### Directions for this task:
Starting at the line below holding "Поправка экспозиции, A" and stopping at the line holding "Taurus tem 4", print every line exactly, both ends included, and leave the rest out.

(Records from a data collection)
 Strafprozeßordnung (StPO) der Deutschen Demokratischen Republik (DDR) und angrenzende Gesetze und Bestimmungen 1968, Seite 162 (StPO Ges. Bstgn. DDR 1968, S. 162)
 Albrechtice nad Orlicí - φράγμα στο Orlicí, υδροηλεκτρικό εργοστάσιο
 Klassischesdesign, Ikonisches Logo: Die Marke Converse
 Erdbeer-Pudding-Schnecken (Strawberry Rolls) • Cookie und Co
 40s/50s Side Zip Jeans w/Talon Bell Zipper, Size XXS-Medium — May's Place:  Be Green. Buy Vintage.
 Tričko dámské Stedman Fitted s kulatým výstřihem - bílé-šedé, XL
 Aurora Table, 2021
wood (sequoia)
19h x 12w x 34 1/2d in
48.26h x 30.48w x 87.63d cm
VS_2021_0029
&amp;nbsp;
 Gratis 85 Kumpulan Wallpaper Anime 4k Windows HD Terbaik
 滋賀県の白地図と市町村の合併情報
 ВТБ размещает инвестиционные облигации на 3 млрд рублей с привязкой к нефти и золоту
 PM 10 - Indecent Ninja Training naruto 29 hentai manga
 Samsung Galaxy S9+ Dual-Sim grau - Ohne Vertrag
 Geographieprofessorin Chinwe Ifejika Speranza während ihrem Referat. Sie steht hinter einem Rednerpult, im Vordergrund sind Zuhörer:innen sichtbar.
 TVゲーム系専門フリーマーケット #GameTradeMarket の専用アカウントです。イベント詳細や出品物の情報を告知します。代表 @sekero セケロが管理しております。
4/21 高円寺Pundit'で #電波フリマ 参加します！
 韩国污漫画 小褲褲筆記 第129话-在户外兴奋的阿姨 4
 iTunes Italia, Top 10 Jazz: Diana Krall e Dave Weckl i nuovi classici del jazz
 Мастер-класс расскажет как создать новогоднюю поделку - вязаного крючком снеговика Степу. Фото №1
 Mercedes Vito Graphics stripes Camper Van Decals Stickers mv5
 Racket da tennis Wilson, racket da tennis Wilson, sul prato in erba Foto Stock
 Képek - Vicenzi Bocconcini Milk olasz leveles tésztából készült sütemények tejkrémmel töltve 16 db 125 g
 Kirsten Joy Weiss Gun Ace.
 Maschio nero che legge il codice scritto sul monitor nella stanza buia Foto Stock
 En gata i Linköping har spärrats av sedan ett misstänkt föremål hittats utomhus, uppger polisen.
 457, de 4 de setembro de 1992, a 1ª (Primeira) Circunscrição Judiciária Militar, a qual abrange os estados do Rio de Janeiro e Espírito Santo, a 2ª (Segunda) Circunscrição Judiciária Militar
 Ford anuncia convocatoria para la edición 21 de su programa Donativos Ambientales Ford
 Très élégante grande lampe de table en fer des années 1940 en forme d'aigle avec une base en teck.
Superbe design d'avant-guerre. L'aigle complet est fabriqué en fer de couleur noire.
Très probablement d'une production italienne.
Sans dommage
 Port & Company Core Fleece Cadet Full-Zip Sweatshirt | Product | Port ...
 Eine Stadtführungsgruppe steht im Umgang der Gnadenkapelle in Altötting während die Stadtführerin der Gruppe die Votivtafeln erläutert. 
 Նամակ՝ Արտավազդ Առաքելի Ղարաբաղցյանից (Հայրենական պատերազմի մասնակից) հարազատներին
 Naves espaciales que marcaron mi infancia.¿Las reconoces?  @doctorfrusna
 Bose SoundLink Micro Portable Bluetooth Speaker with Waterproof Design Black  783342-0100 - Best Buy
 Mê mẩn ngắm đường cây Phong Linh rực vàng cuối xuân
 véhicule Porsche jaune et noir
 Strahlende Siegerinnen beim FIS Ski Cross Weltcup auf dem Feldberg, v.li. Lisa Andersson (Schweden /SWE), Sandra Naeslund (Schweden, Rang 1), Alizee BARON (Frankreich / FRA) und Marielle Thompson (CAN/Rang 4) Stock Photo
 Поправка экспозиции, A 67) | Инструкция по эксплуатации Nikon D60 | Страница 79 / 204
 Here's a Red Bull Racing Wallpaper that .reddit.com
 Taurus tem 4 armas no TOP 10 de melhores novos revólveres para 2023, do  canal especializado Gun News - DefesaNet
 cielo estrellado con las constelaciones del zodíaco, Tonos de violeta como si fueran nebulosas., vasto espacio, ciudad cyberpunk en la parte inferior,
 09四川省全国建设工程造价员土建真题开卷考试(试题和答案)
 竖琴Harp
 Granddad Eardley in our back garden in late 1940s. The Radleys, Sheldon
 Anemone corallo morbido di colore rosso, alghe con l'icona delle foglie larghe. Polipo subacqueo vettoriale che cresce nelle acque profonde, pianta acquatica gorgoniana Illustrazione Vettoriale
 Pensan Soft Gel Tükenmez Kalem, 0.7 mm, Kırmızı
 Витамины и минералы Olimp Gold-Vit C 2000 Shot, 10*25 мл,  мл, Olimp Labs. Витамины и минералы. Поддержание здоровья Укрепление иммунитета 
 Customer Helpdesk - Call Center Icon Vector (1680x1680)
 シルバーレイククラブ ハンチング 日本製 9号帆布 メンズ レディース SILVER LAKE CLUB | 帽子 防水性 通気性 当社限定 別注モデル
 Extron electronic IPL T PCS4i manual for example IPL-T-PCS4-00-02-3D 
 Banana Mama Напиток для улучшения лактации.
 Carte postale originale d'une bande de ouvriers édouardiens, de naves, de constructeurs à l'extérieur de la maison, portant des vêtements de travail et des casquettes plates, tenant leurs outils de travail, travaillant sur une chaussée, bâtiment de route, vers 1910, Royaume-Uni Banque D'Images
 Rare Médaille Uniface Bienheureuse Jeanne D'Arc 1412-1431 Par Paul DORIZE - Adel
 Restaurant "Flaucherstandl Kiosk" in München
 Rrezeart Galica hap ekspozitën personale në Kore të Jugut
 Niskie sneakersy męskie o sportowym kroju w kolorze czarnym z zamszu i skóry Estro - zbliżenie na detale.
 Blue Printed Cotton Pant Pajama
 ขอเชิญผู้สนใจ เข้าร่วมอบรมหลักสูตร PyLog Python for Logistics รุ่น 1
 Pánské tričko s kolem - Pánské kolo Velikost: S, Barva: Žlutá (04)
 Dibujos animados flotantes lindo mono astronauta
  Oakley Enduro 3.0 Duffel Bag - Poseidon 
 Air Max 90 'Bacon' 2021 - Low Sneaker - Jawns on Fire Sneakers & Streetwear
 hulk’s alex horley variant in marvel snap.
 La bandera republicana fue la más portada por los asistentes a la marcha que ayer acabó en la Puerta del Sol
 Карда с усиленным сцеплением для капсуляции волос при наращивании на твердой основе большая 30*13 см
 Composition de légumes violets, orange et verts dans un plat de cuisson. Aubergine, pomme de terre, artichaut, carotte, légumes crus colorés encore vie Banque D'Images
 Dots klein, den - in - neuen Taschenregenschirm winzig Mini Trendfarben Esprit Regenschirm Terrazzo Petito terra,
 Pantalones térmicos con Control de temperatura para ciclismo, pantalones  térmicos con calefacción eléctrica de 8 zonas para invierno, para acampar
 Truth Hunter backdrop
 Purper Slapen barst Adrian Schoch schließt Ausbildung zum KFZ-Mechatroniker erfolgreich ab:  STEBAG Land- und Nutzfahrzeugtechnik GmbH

### Answer section:
 Поправка экспозиции, A 67) | Инструкция по эксплуатации Nikon D60 | Страница 79 / 204
 Here's a Red Bull Racing Wallpaper that .reddit.com
 Taurus tem 4 armas no TOP 10 de melhores novos revólveres para 2023, do  canal especializado Gun News - DefesaNet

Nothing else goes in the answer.